Register usage too high How to reduce register usage?

My code only runs with 1 block per SM because I am currently up to 49 register usage on compute capability 1.3 running on a Tesla C1060 on a unix machine.

I need to get it down to around 32 registers so I can have 2 blocks running per SM, which I think will help with speeds.

Anyone know a good way of going about this? I looked through the PTX code, I couldn’t make sense of where registers are assigned. If you have any tips, I’m sure I’m not the only one looking for answers to this.

Thanks!

1 Like

Don’t look at registers in PTX. PTX is in SSA form, register allocation happens past the PTX stage.

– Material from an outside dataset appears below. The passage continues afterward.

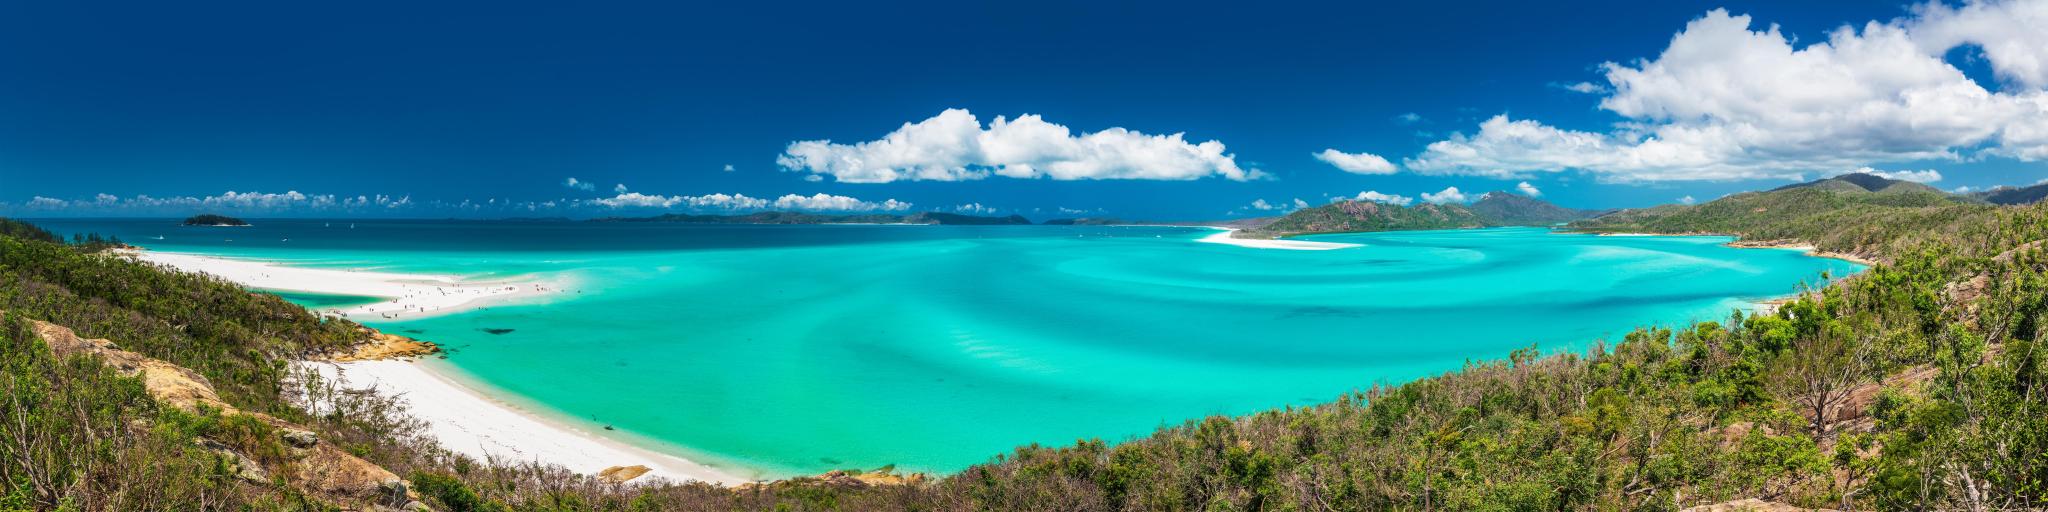 Panoramic view of Whitehaven Beach in the Whitsunday Islands, Queensland Australia

As a first measure, add a suitable launch_bounds() qualifier to the kernel (see appendix B.17 of the Programming Guide) to express your intent and see how the compiler manages. This might then lead to some extra local memory usage for register spills which you might want to tackle in a next step.

Thanks for the tip Tera, I’ve read through the manual a few times and never noticed this command…

After trying it, it reduced my registers down to 32 as expected and my lmem is up to 88, because it was around 40, and my registers about 42 on this version of code ( my other code was about 49 registers ).

Any tips on how to figure out what has been “spilled” to lmem?

It seems the compiler has just moved almost all of the saved registers into local memory (10 saved registers, 40 more bytes of local memory). It is difficult to give general advice. Can you post some code?

1 Like

My Kernal is quite large, I’ll try simplify it and post it, I also have to check if I’m allowed to post the code since I don’t own the original code, I just have transfered it to CUDA.

I have the following in my code:

#define MULTIPLIER 1

#define SUB_FRINGE_SIZE ( BLOCK_SIZE*GRID_SIZE*MULTIPLIER )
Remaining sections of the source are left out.